Sunday, June 22, 2008

Sorcerer

Wednesday, June 18, 2008

I suppose it's not a shock to find out that the remake is not a good as the original, but I guess I kinda thought this was the right combination of director and material. If anyone could make a great movie out the premise of trucks full of nitroglycerin riding through bumpy jungle terrain, William Friedkin seemed like the guy.

The problem is that he takes too long getting to the premise. The first half of the movie involes a lot of complicated backstories that don't much effect the plot, and actually don't seem to develop the characters much. In fact, the opening half hour seems to be made up of little action set pieces with little to no context to make you care about what's happening. I suspect maybe it was an attempt to add more action into the early scenes, but it drags. They should have gotten to the trucking sooner.

Once the real story kicks in, the movie kicks off, and the 2nd half is pretty fantastic. In fact, there's an extended sequence on a rickety bridge that's better than anything in Wages of Fear. I have to say, it's been a few days since I watched this, and the second half of the movie really sticks with you. So this is definitely a worthwhile one.

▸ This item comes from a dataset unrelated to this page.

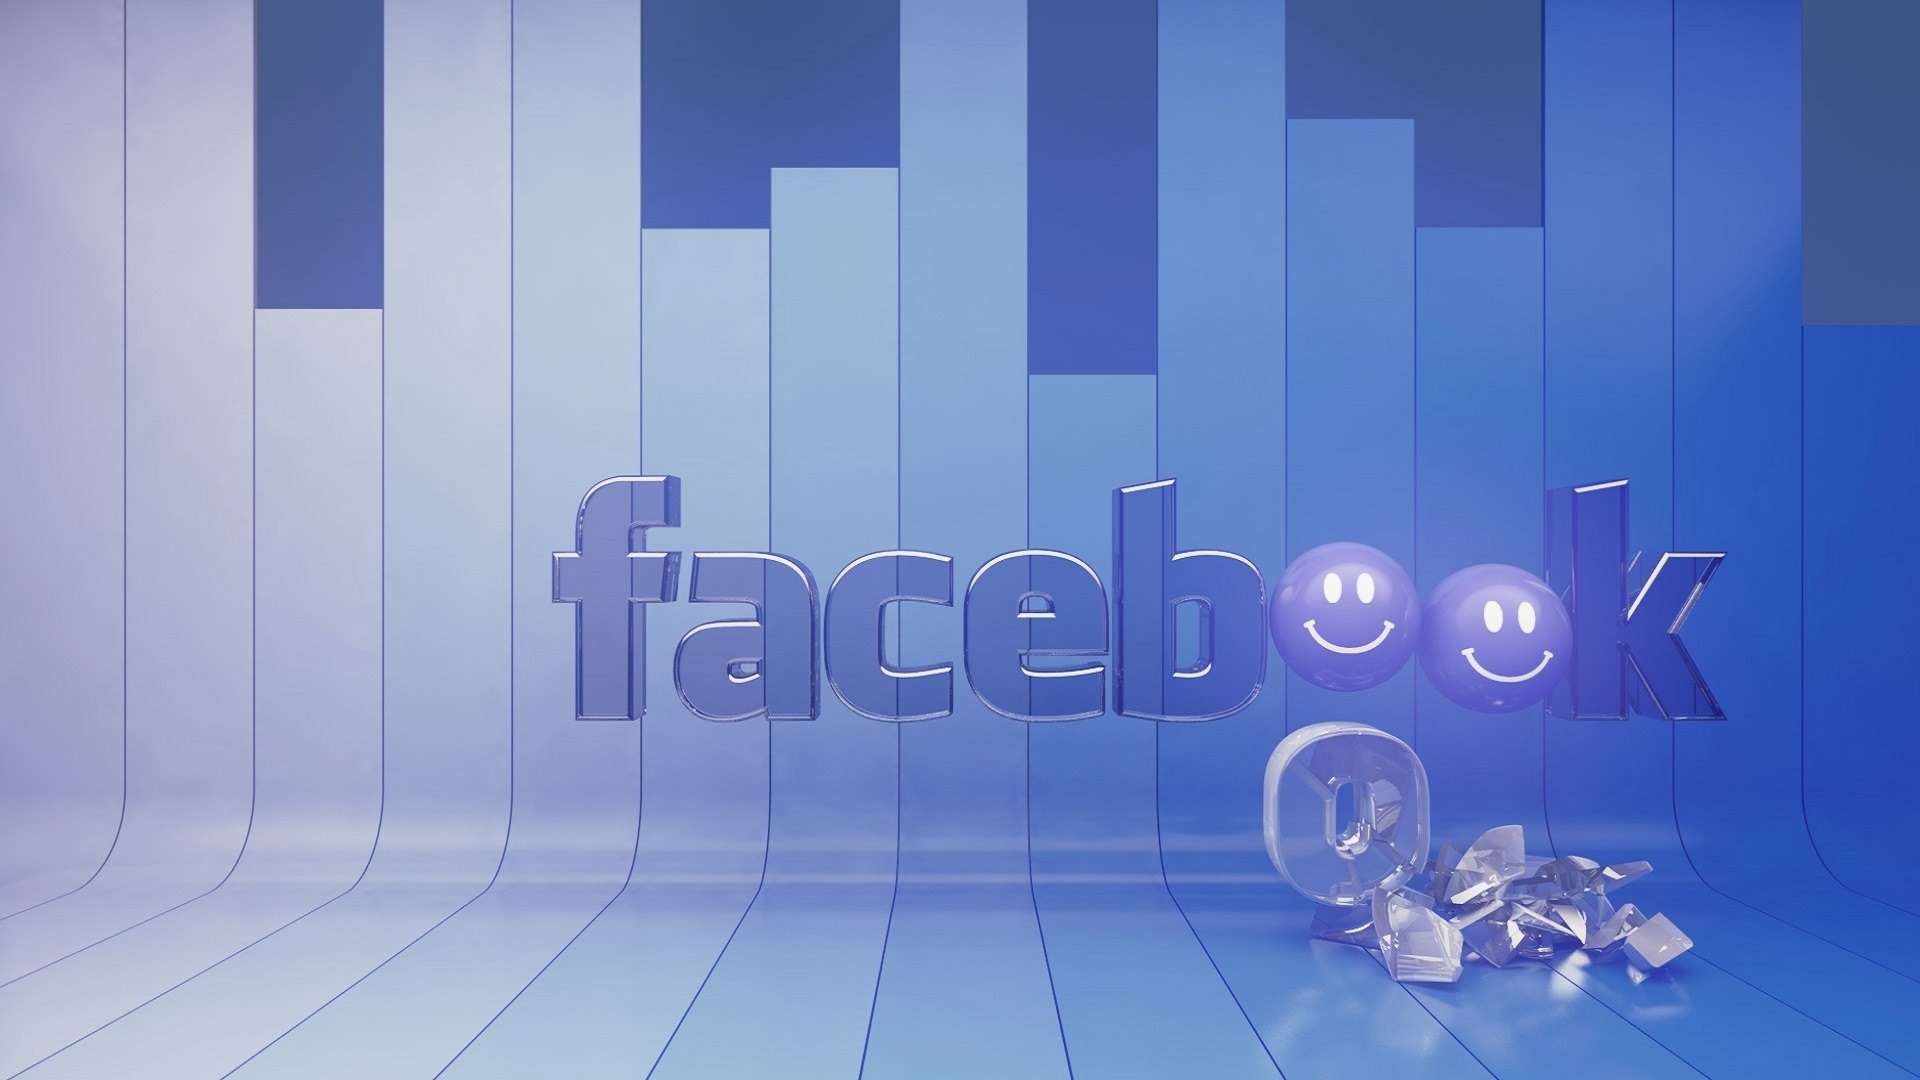 Facebook: The service was launched on February 4, 2004, as a Harvard-only social network. 1920x1080 Full HD Background.

I have to give Friedkin credit for keeping the nihilism of the original. It doesn't have the part where two guys die and you never find out how (well, they still die, but you do see how it happens), but it keeps a lot of the same road to nowhere feel, and has an ending just as dark. I didn't like the ending at first, I thought it felt like they threw in a poorly set-up twist for no reason, but the more I think about it, the more it fits this movie's sense of doom. In fact, although I still think the first half of the movie is a bore, it does make the movie seem even more nihilistic, since a lot of characters die before their backstories or subplots ever pay off.

That's Friedkin's style, though. A lot of his movies have a sense of weirdness and ambiguity, and even though he's made a few big hits, they never quite feel mainstream. There's the ending of The French Connection that leaves you hanging. The opening of The Exorcist that is strange but never quite seems to fit in. There's Cruising, a slasher/thriller that feels like it's missing a plot and any sense of resolution. And here we have an action thriller without any chance of a happy ending.